Action item → With the pictures left out, write out exactly the lines of the listing below that run from the line with "Hero No Zero 2 2018 Hindi Dubbed 720p HDRip" through the line with "惠尔地板-新三层实木地板、强化木地板产品图片_2".

Data to examine →
----------------------------------------

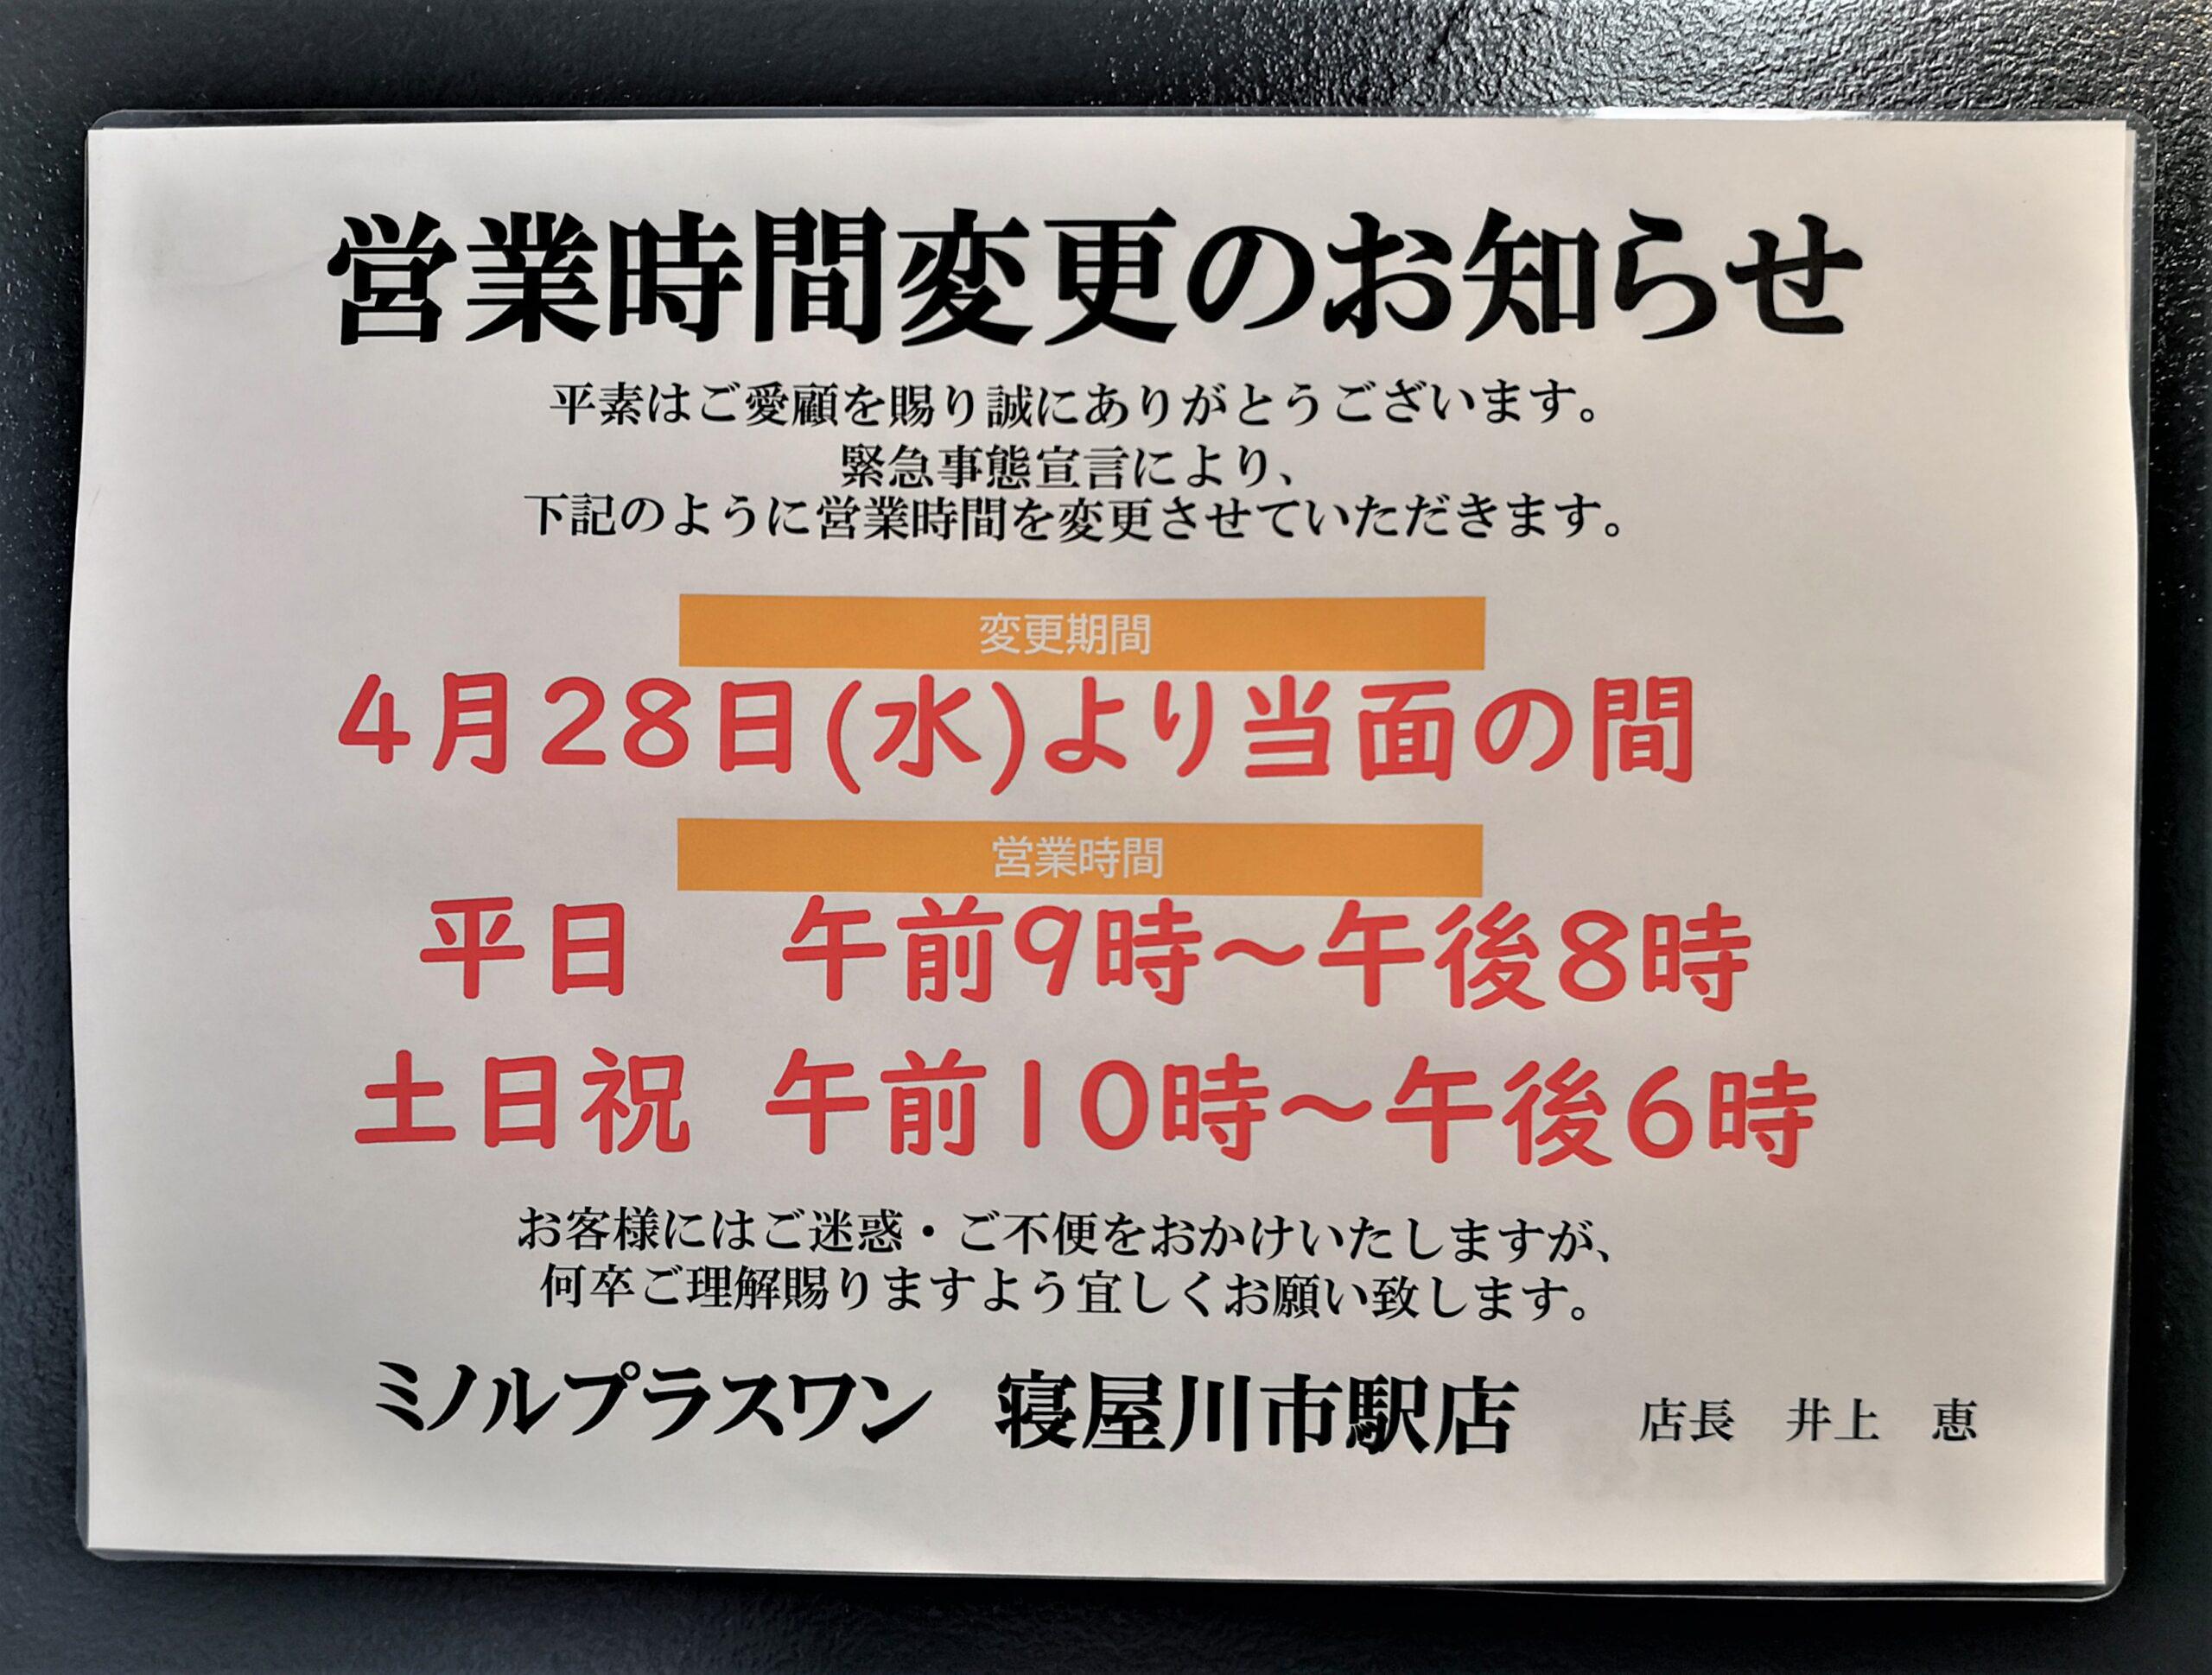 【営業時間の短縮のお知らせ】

----------------------------------------

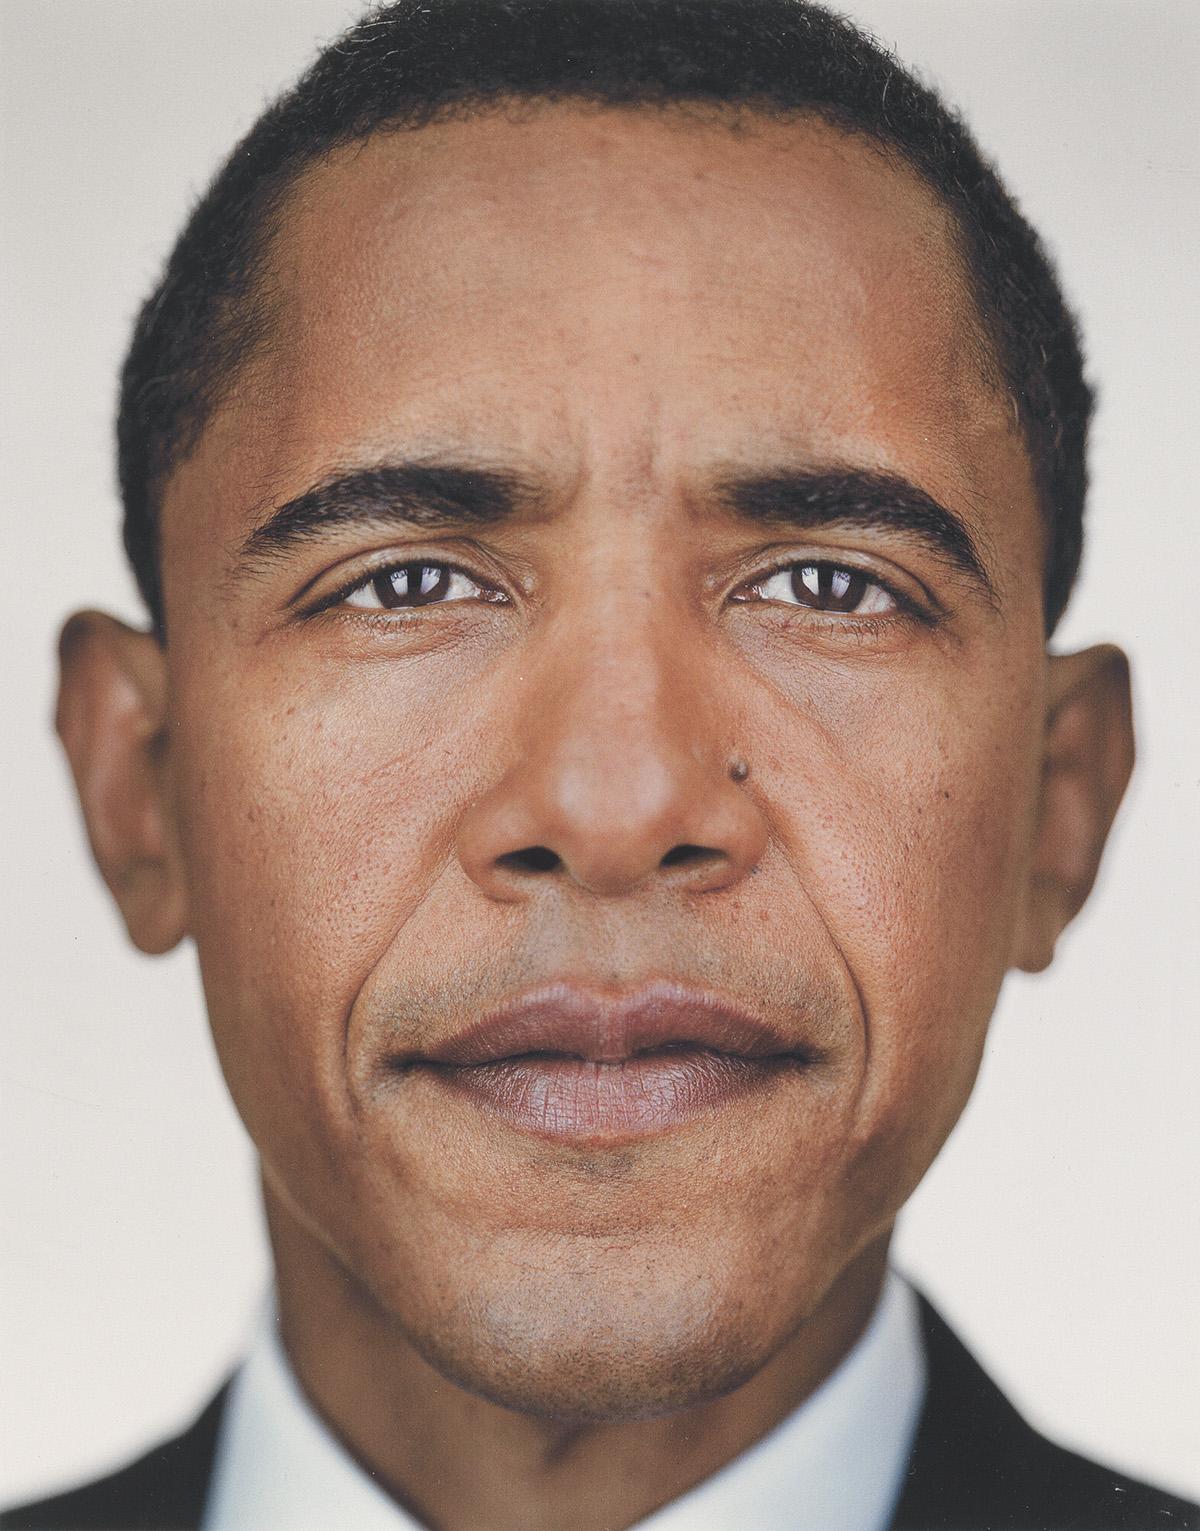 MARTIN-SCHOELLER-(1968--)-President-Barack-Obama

----------------------------------------

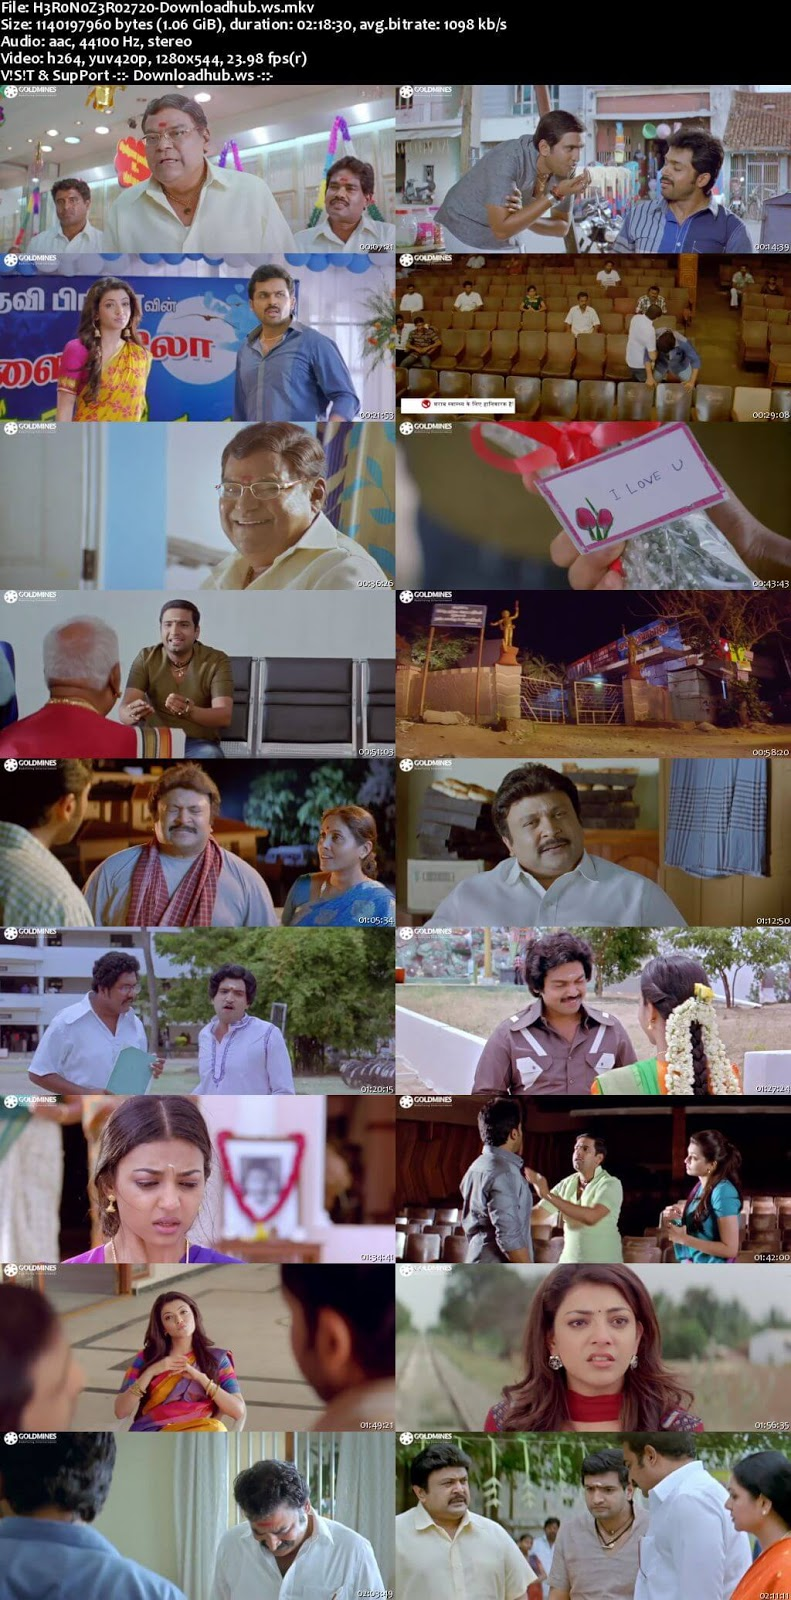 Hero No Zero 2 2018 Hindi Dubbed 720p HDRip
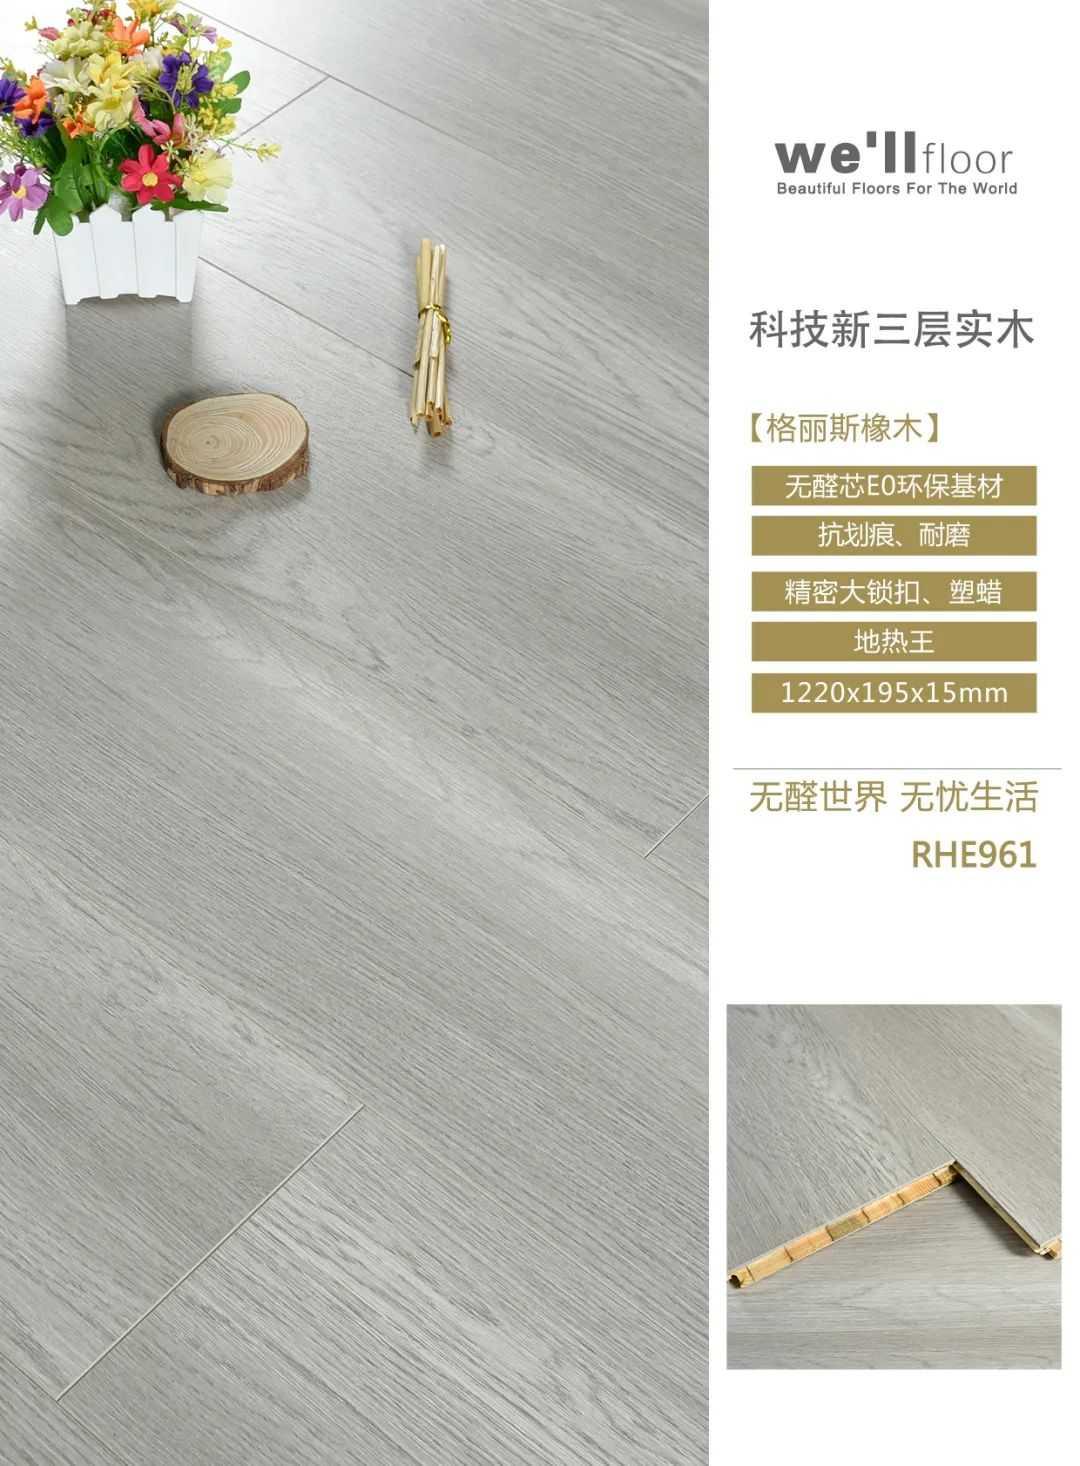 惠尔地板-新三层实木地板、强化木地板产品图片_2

----------------------------------------

Exercise response →
 Hero No Zero 2 2018 Hindi Dubbed 720p HDRip
 惠尔地板-新三层实木地板、强化木地板产品图片_2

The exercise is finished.